Em poucas palavras, os EUA estão tentando limitar os preços do petróleo a níveis diminuir do que as atuais altas taxas de mercado geradas pela guerra na Ucrânia para aliviar a suavidade no crescimento econômico global que elas geraram. No entanto, ao mesmo tempo, os EUA estão tentando estabelecer um nível de preço para o petróleo que seja justo superior do que os custos de produção de petróleo russo, de modo a não remover os suprimentos de petróleo russo do mercado mundial que, de outra forma, exacerbariam a queda no crescimento do PIB global. Esse conjunto emaranhado de objetivos de tentar “ter o seu bolo e comê-lo também” é uma das principais razões pelas quais os aliados não assinaram o programa de Washington.

Formuladores e executores experientes de formulação de políticas públicas conhecem bem a regra de ouro para o sucesso: se o desenho de uma iniciativa é excessivamente complexo; sua lógica não pode ser expressa de maneira convincentemente intuitiva onde a ligação entre causa e efeito é abundantemente evidente; e seu funcionamento carece de transparência suficiente, essa é sua sentença de morte.

Para tanto, não é um bom sinal que, na campanha de Washington para trazer aliados para a proposta de preço-teto, tenha que reformular o modelo repetidas vezes, inevitavelmente acrescentando “sinos e assobios” para encontrar “tomadores”. ” Embora o limite de preço seja bem-intencionado, ele evita as lições de décadas de formulação de políticas – no petróleo e em muitos outros mercados: esquemas complexos de “Rube Goldberg” quase sempre falham. É de admirar que os EUA estejam tendo problemas para obter o apoio de seus aliados?

Caminhos potenciais para minar os objetivos de Putin

A triste ironia da proposta de limite de preço do petróleo dos EUA é que ela contrasta fortemente com a liderança que Washington demonstrou em fevereiro, executando um conjunto abrangente e bem pensado de sanções financeiras pelas democracias avançadas do mundo no sistema bancário da Rússia, instituições relacionadas e comparsas de Putin logo após a invasão russa da Ucrânia.
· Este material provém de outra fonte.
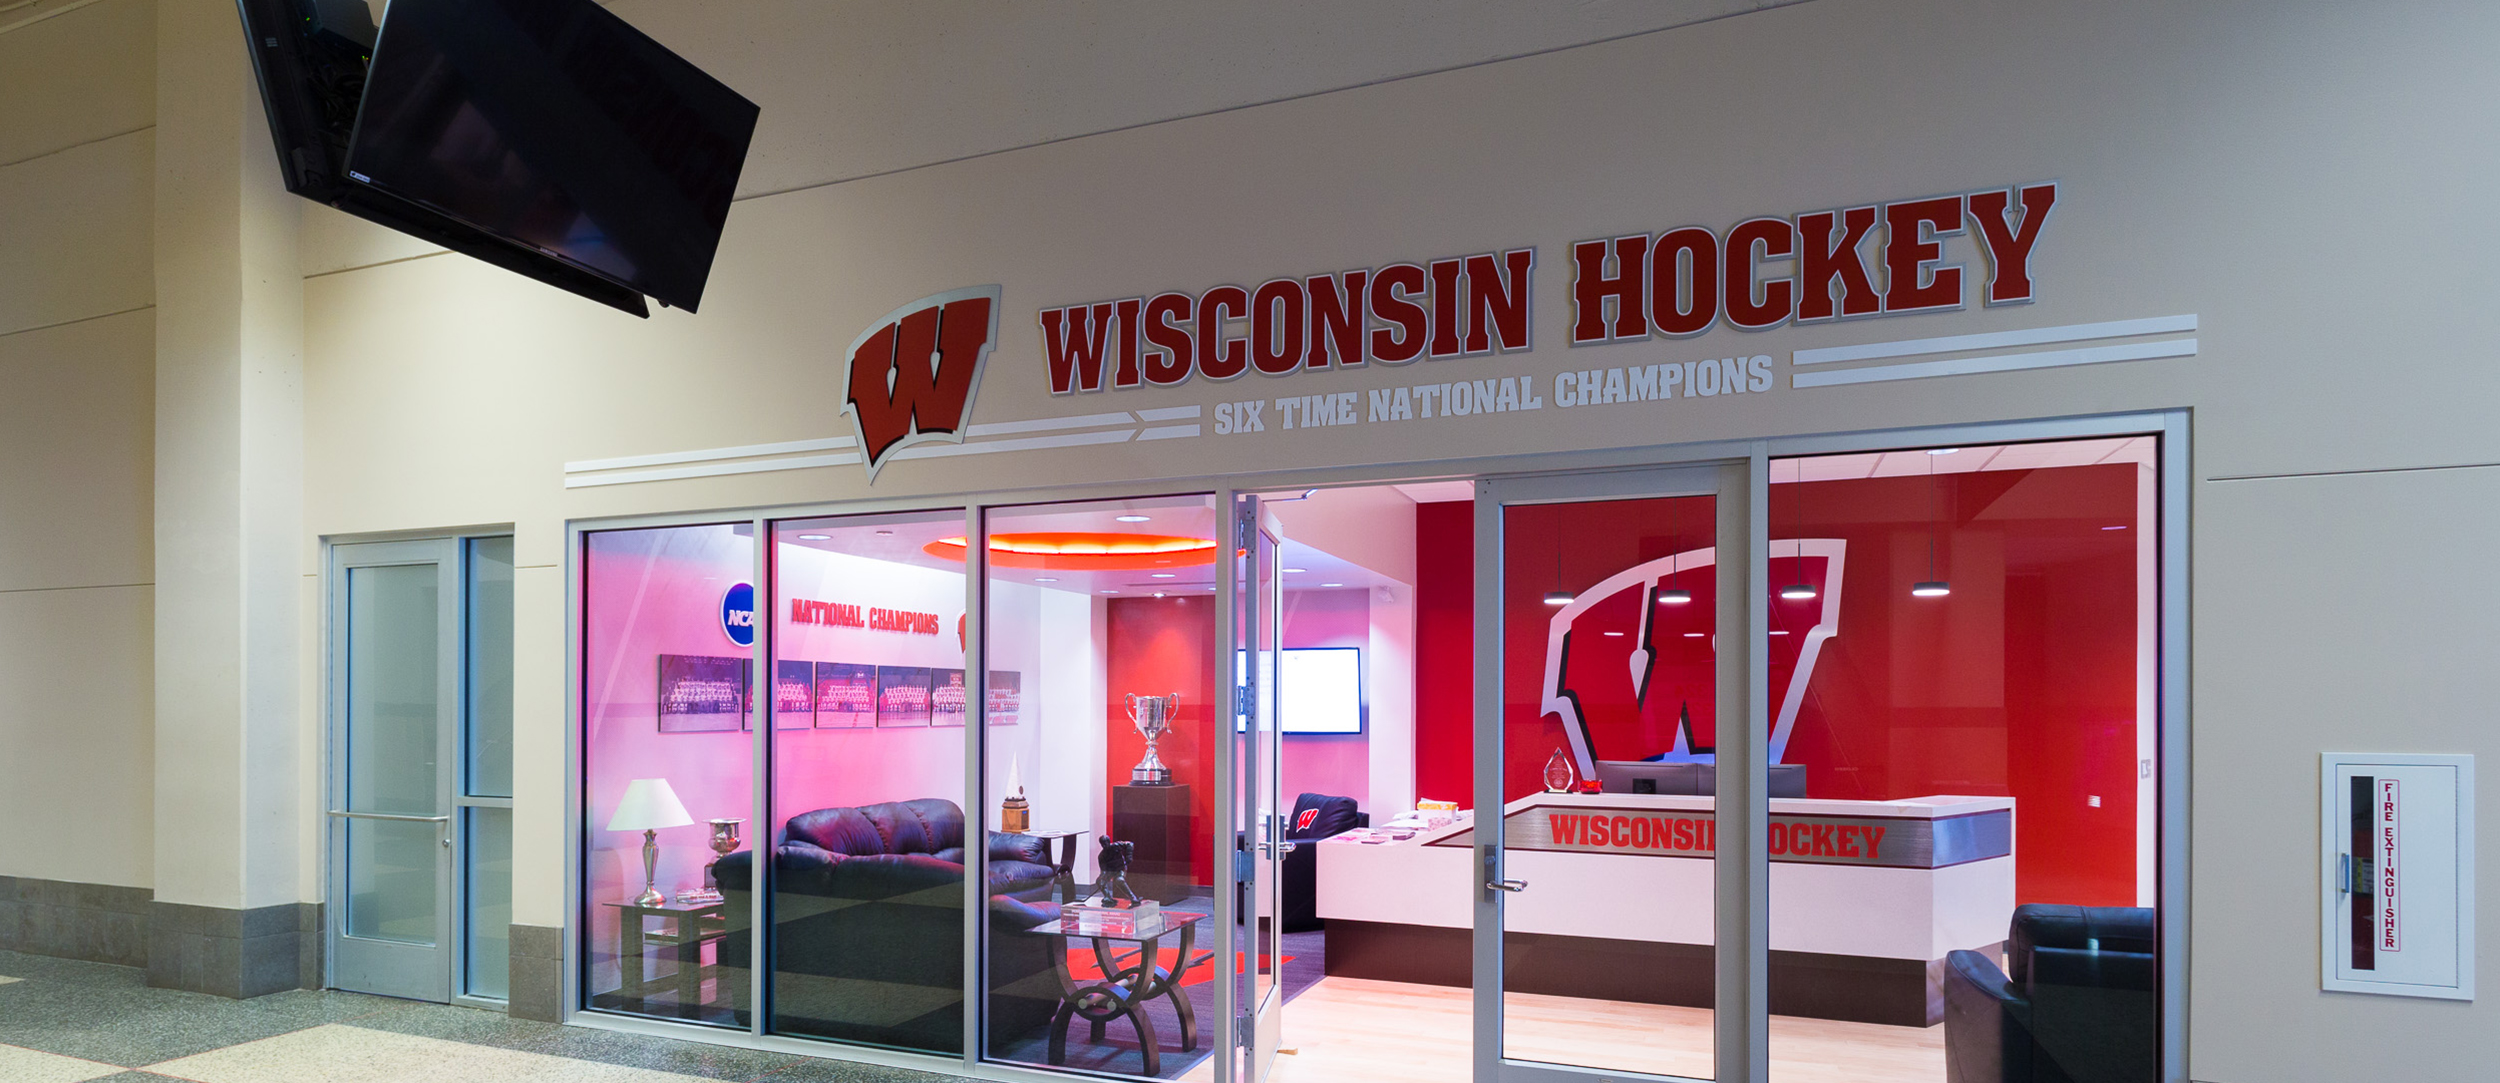 University of Wisconsin - Hockey Offices Entrance Dimensional Lettering
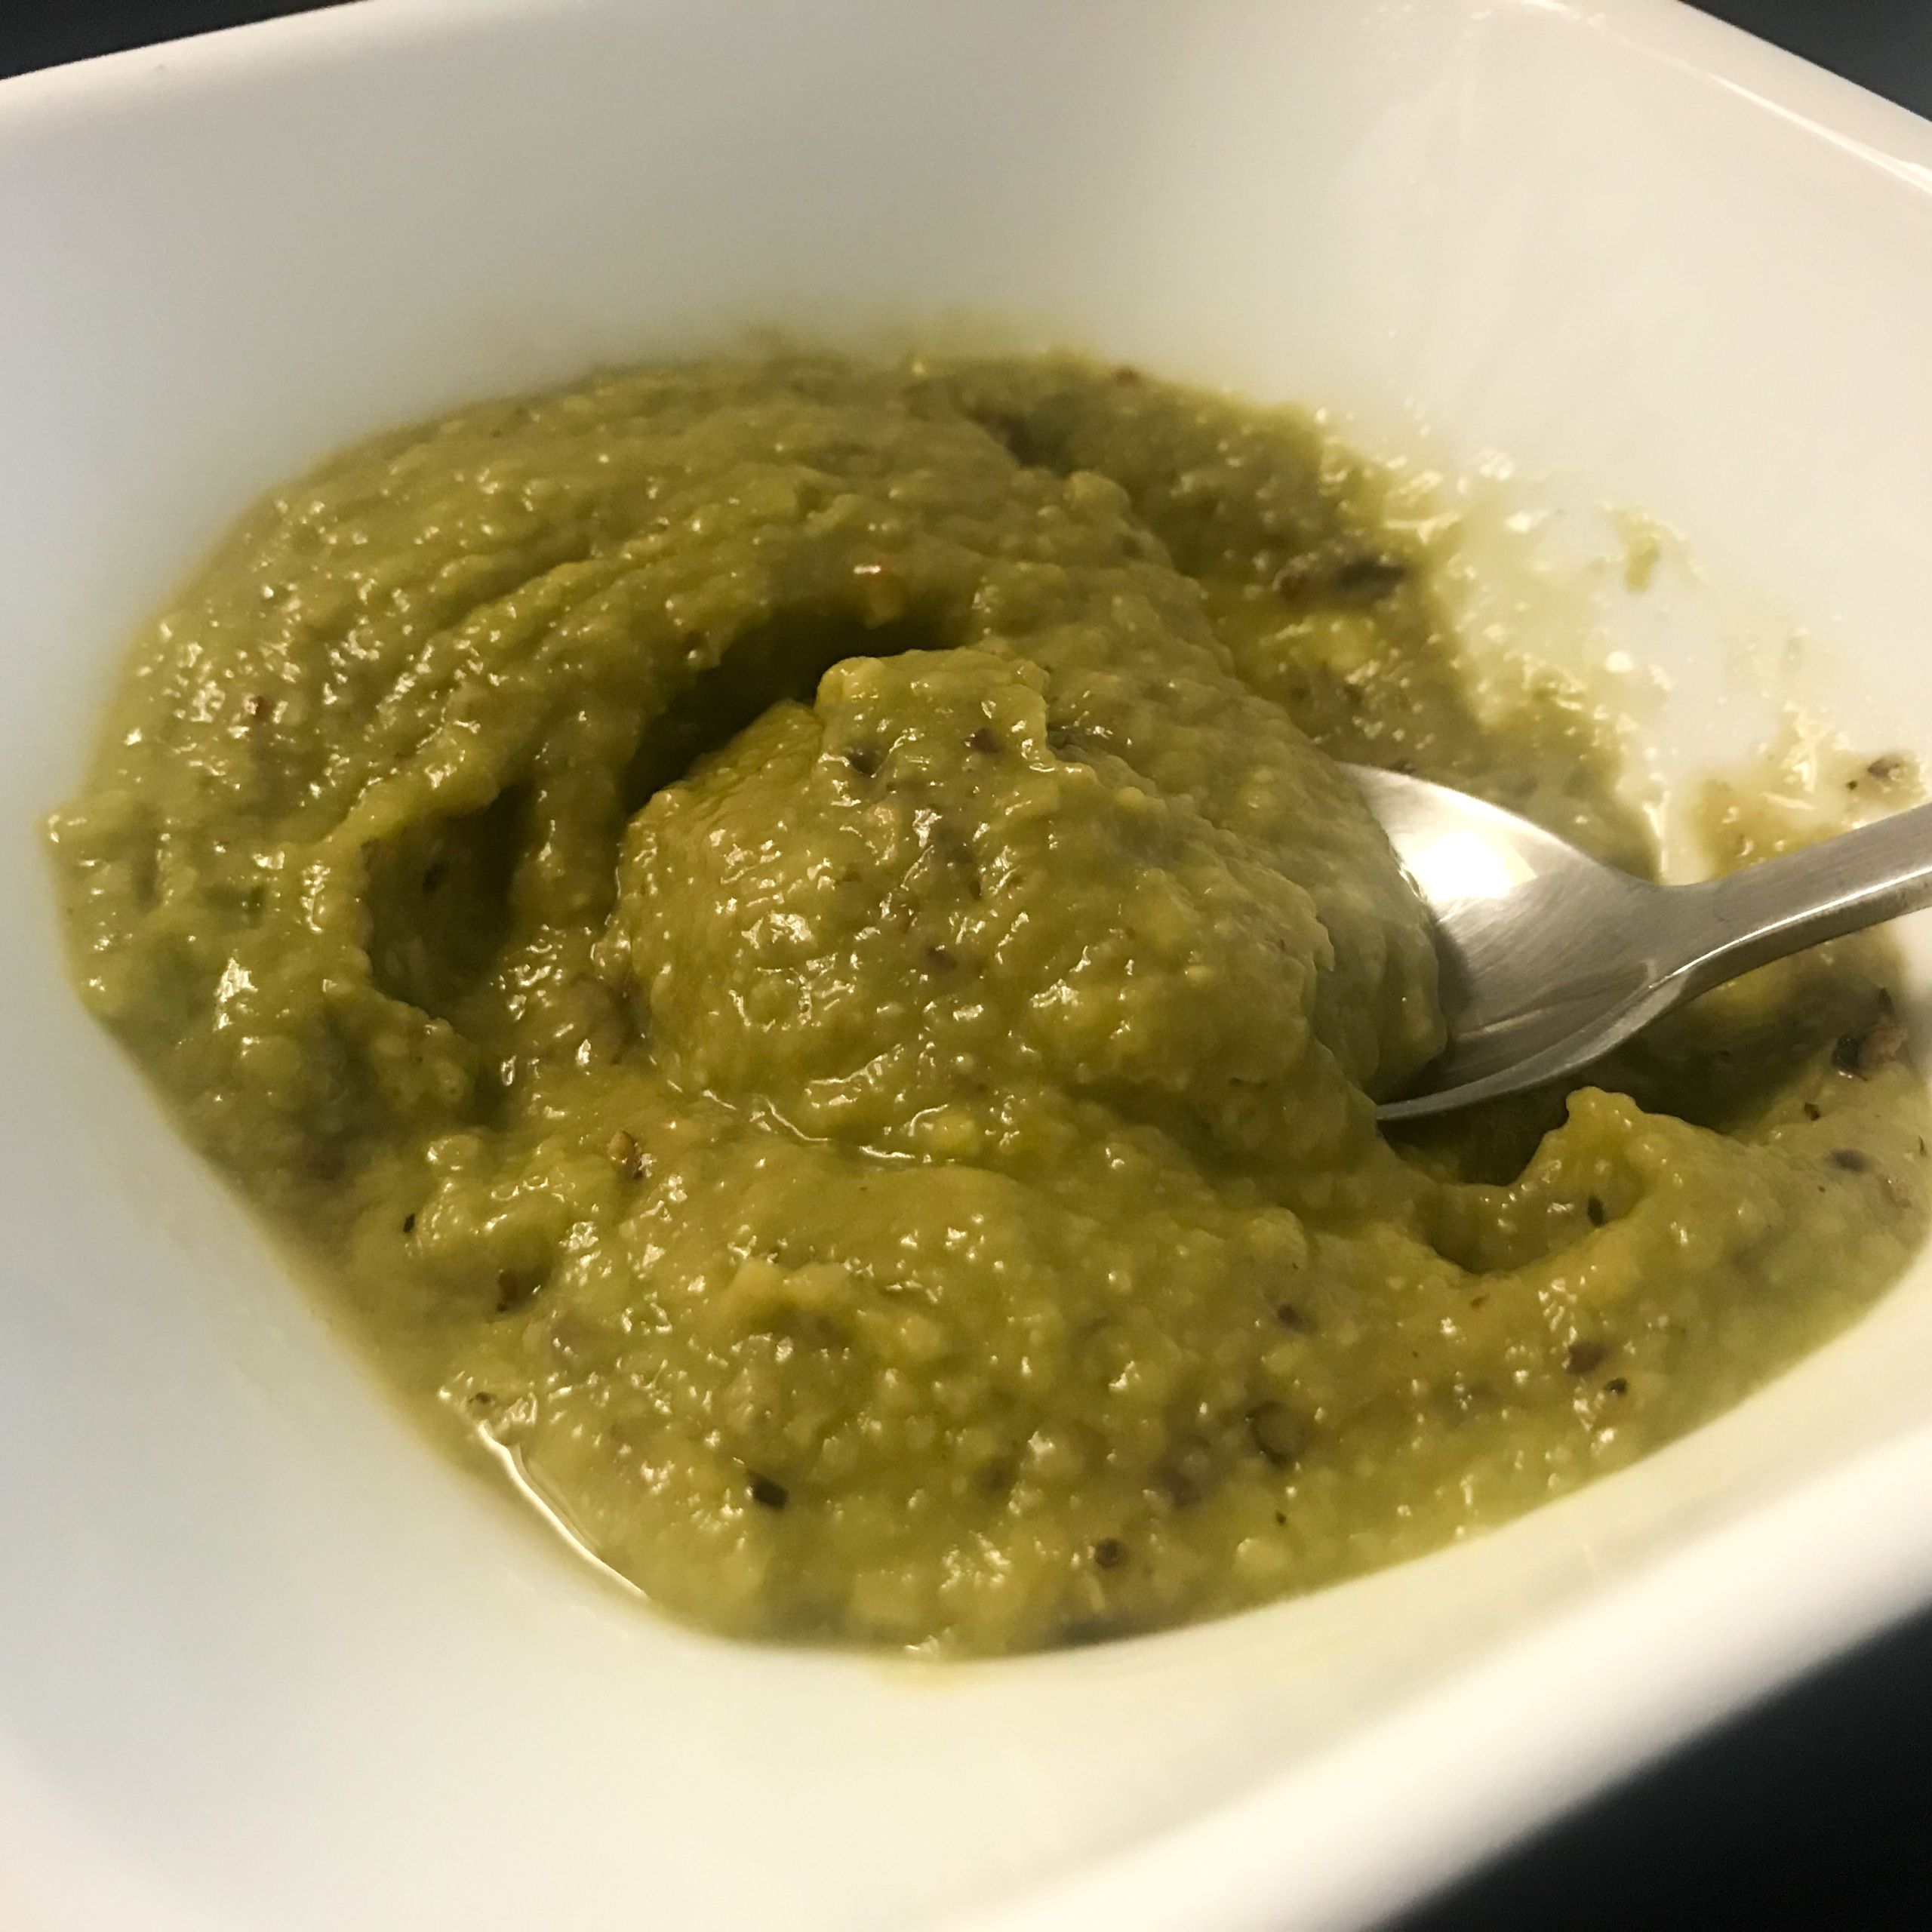 AVOCADO AND NECTARINE SAUCE IN A BOWL

Equivalia a uma estratégia de sanção cuja coordenação e eficácia entre países não tem precedentes no último meio século. (Seria preciso olhar para as sanções aplicadas à África do Sul por seu regime de apartheid entre as décadas de 1950 e 1990 para encontrar uma estratégia comparável.)

Existem estratégias de sanções alternativas em relação ao setor de petróleo e gás da Rússia que Washington deveria considerar em vez de seu regime de preço máximo? Sim. Aqui estão dois.

Uma seria para os EUA e seus aliados aplicar uma tarifa uniforme sobre as importações de petróleo e gás russo. Coordenado coletivamente, tal regime tornaria o petróleo russo mais caro nos mercados mundiais, reduzindo assim a receita acumulada por Putin.

Claro, também aumentaria os preços do petróleo que os consumidores enfrentam nos países que impõem a tarifa. Mas a diferença entre esta estratégia e um teto de preço do petróleo é que as receitas extras da tarifa iriam para os tesouros dos países consumidores. Tal aumento no preço dos países consumidores de petróleo enfrentaria custos de energia elevados e, assim, prejudicaria o crescimento econômico? Talvez. Mas não se os governos em questão direcionarem as receitas tarifárias para estimular o consumo interno e os investimentos produtivos: pense, maiores gastos direcionados à geração de empregos e construção em transporte público de massa ou projetos similares.

Uma segunda forma de sanções específicas ao petróleo seria para os EUA, aliados a alguns outros grandes produtores de petróleo - Canadá, Arábia Saudita, Iraque, Emirados Árabes Unidos, Brasil e Kuwait - aumentar a produção e inundar o mercado mundial de petróleo com saída adicional para dirigir para baixo preços do petróleo que a Rússia é capaz de ganhar. Esse “preço predatório” seria um método infalível para utilizar o petróleo como um veículo para enfraquecer a base da economia russa.

Isso parece ser uma sanção óbvia a ser colocada sobre a mesa. Em teoria, pelo menos. Por quê?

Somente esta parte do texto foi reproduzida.